▶ _ABOUT THIS EXERCISE_
Write out only the lines from the line containing "Stitched Burlap White" to the end of the listing below, both included, exactly as they stand. Drop the pictures.

▶ _DATASET EXCERPT_
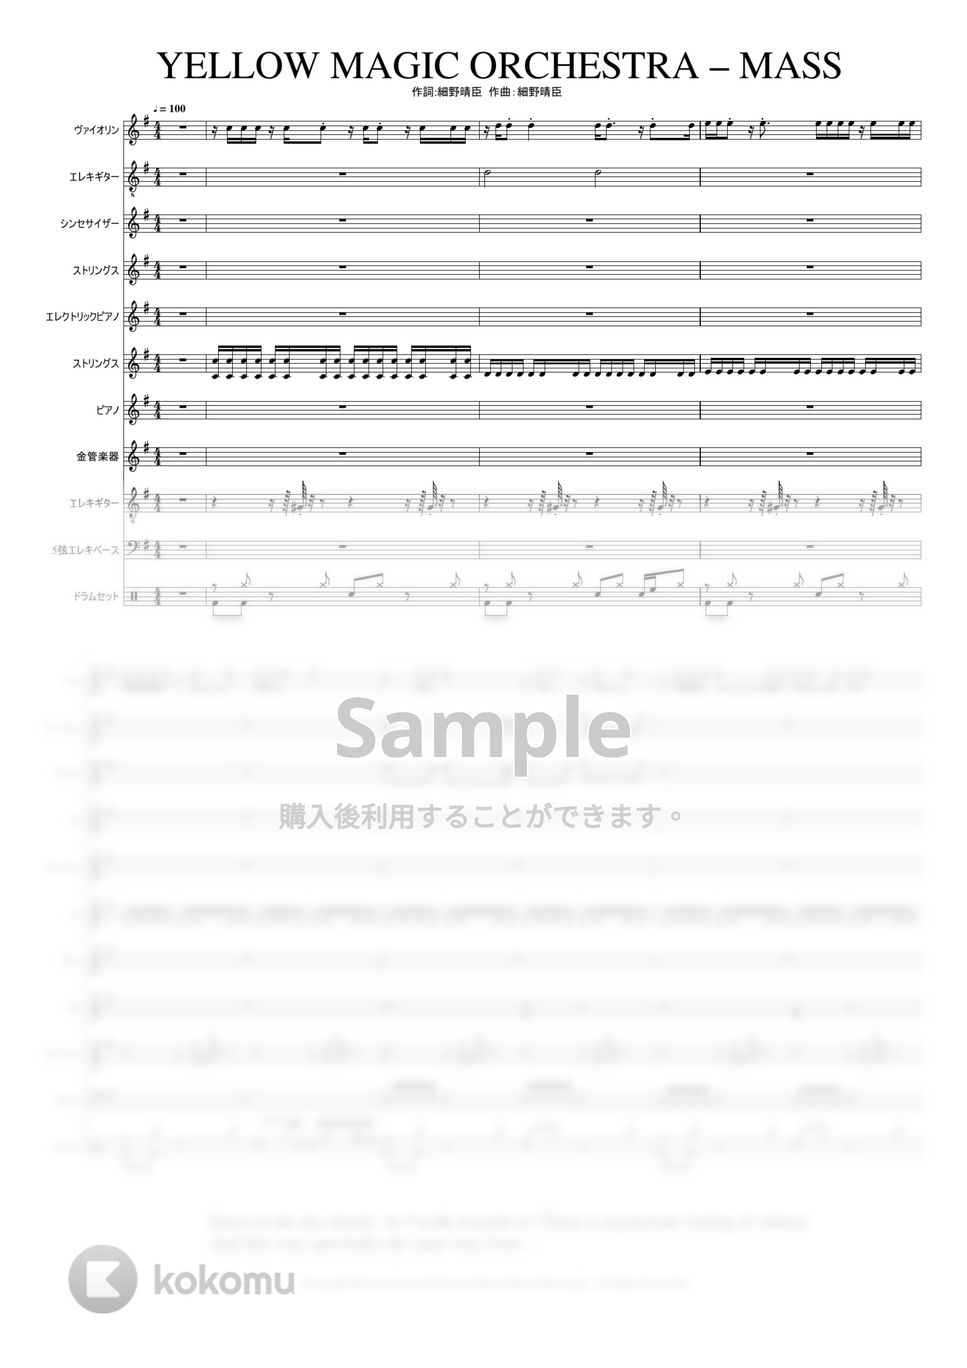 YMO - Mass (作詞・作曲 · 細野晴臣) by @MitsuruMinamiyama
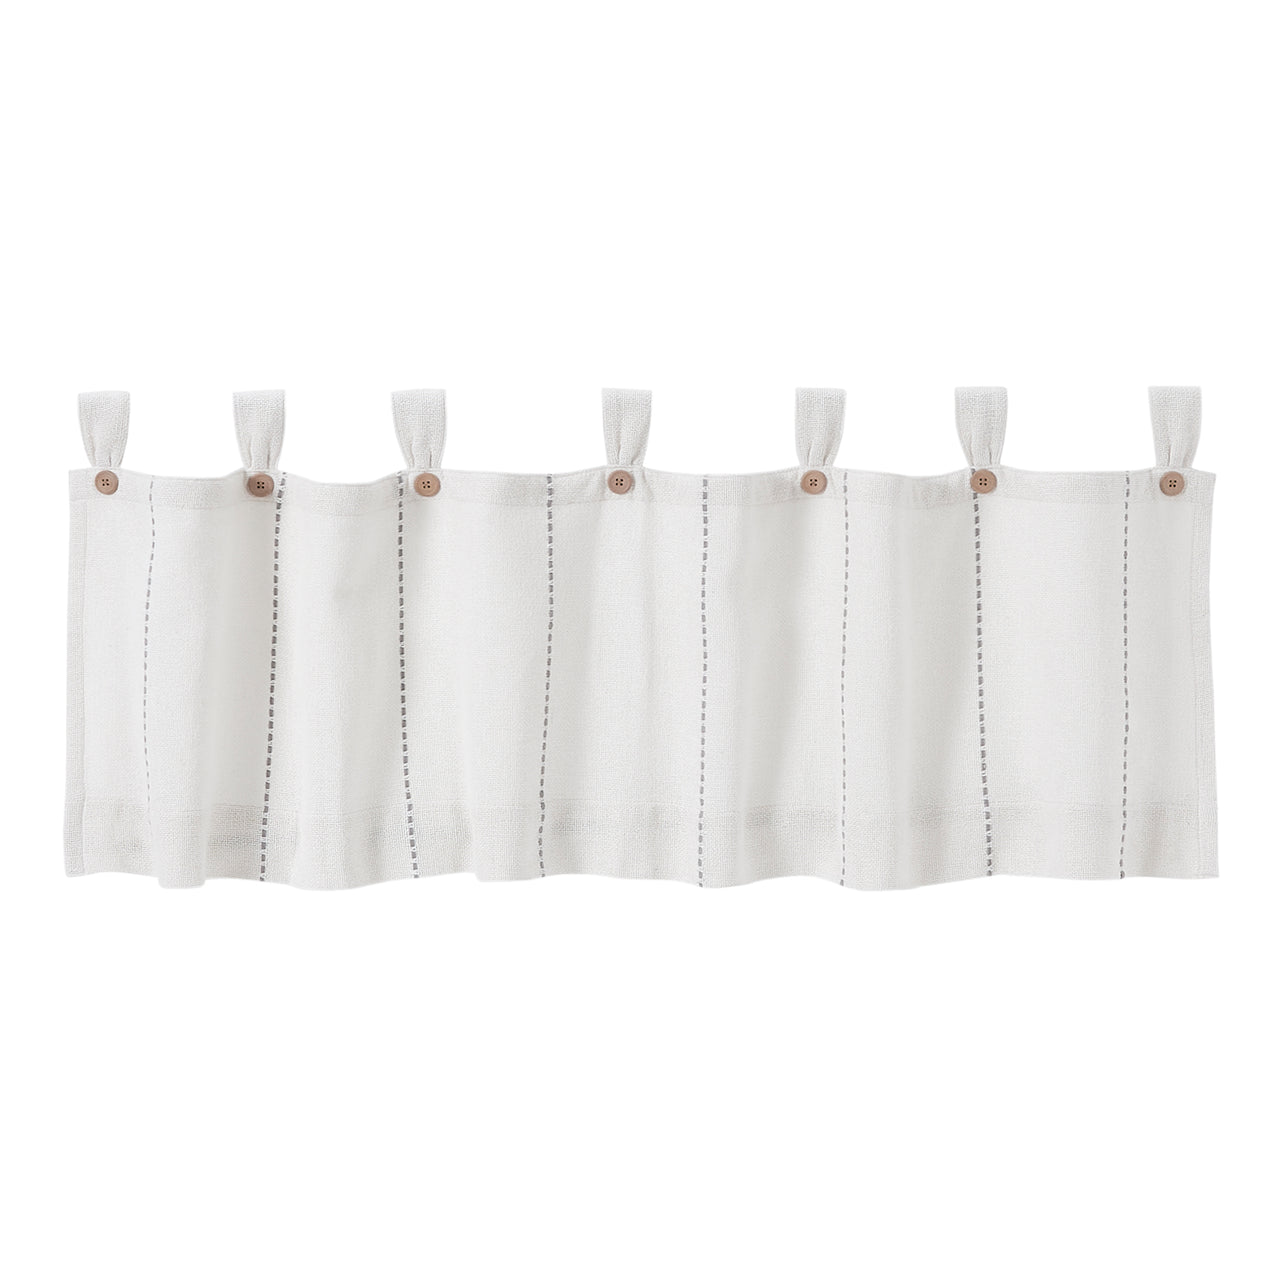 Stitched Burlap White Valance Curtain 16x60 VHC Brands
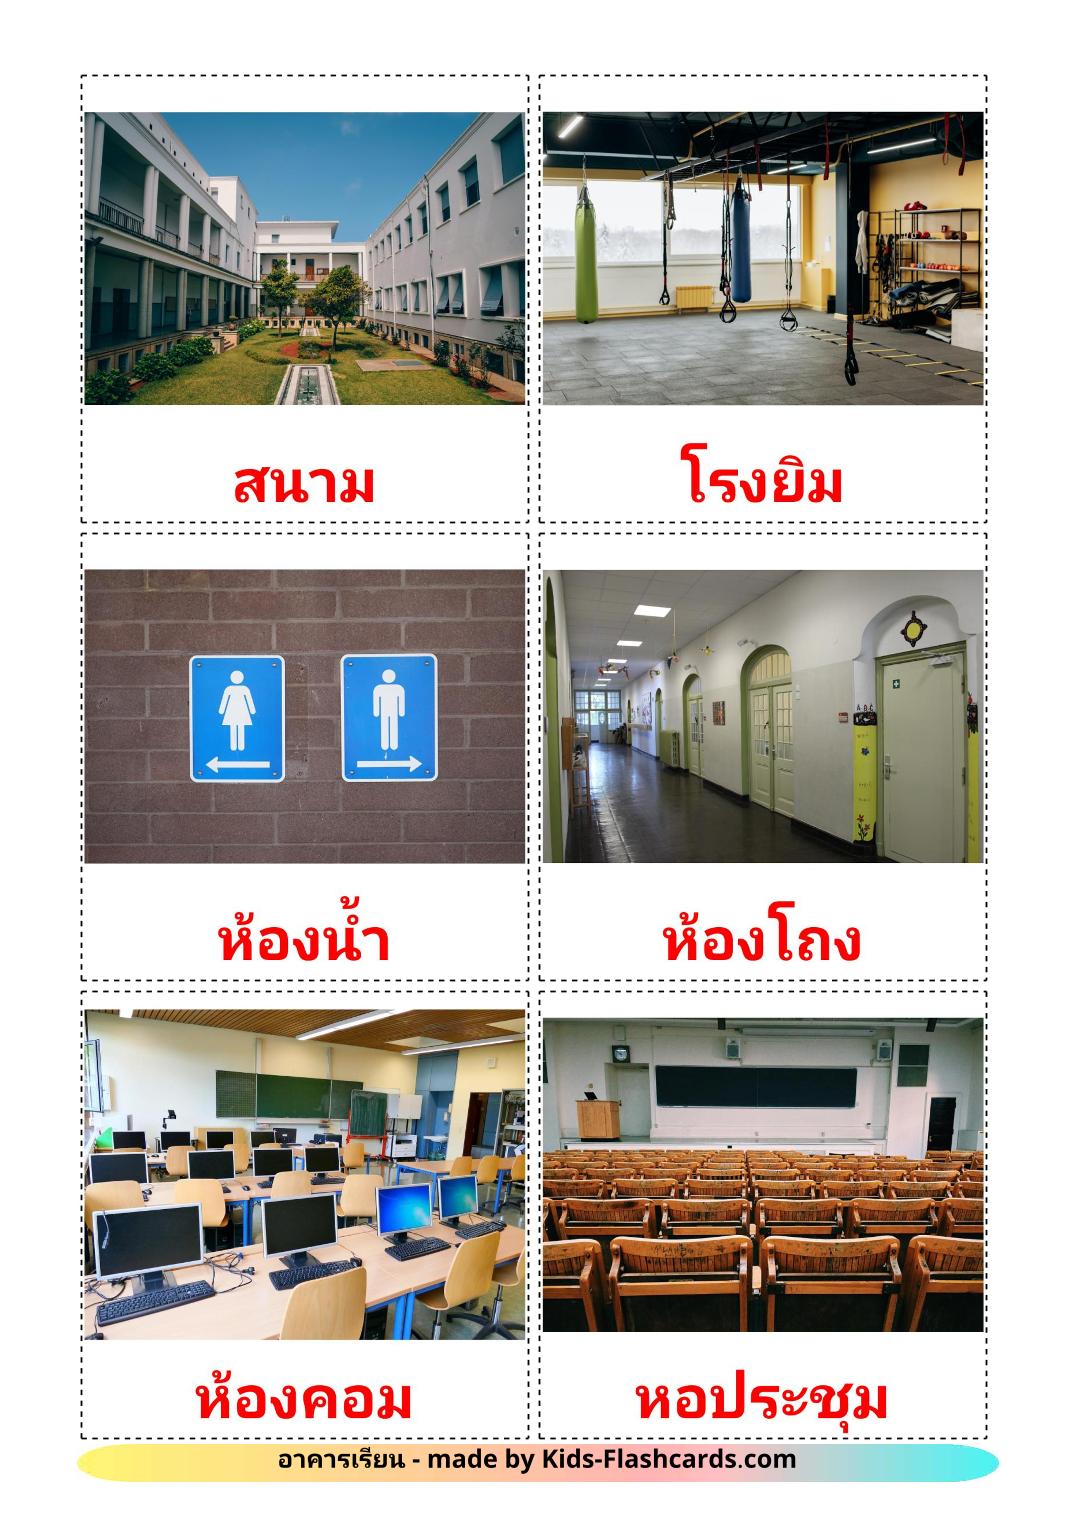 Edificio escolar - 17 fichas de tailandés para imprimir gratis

▶ _EXPECTED OUTPUT_
 Stitched Burlap White Valance Curtain 16x60 VHC Brands
 Edificio escolar - 17 fichas de tailandés para imprimir gratis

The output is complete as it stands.